The MIT License (MIT)

Copyright (c) 2017 Max Woolf

Permission is hereby granted, free of charge, to any person obtaining a copy of this software and associated documentation files (the “Software”), to deal in the Software without restriction, including without limitation the rights to use, copy, modify, merge, publish, distribute, sublicense, and/or sell copies of the Software, and to permit persons to whom the Software is furnished to do so, subject to the following conditions:

The above copyright notice and this permission notice shall be included in all copies or substantial portions of the Software.

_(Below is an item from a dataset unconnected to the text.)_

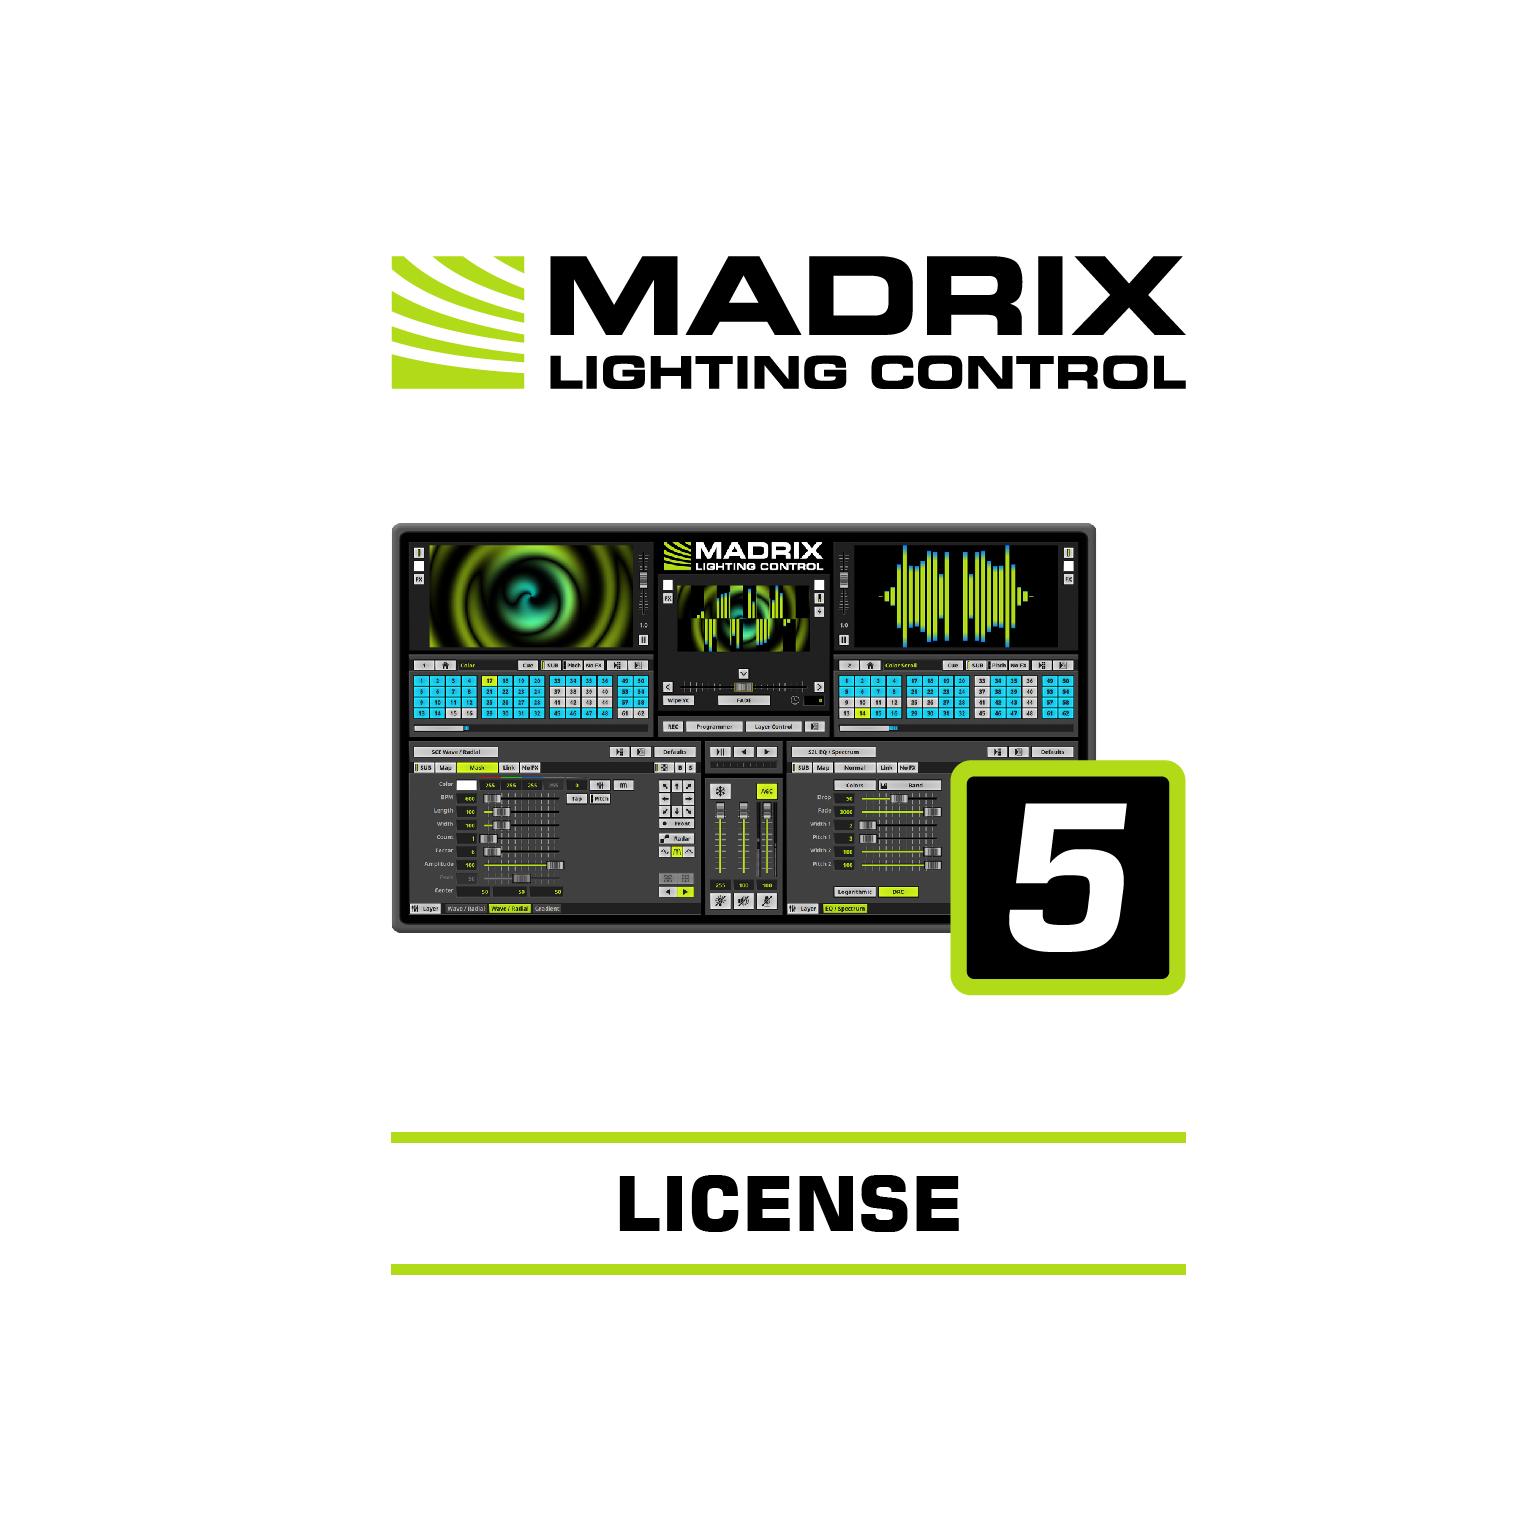 MADRIX Software 5 License basic

THE SOFTWARE IS PROVIDED “AS IS”, WITHOUT WARRANTY OF ANY KIND, EXPRESS OR IMPLIED, INCLUDING BUT NOT LIMITED TO THE WARRANTIES OF MERCHANTABILITY, FITNESS FOR A PARTICULAR PURPOSE AND NONINFRINGEMENT. IN NO EVENT SHALL THE AUTHORS OR COPYRIGHT HOLDERS BE LIABLE FOR ANY CLAIM, DAMAGES OR OTHER LIABILITY, WHETHER IN AN ACTION OF CONTRACT, TORT OR OTHERWISE, ARISING FROM, OUT OF OR IN CONNECTION WITH THE SOFTWARE OR THE USE OR OTHER DEALINGS IN THE SOFTWARE.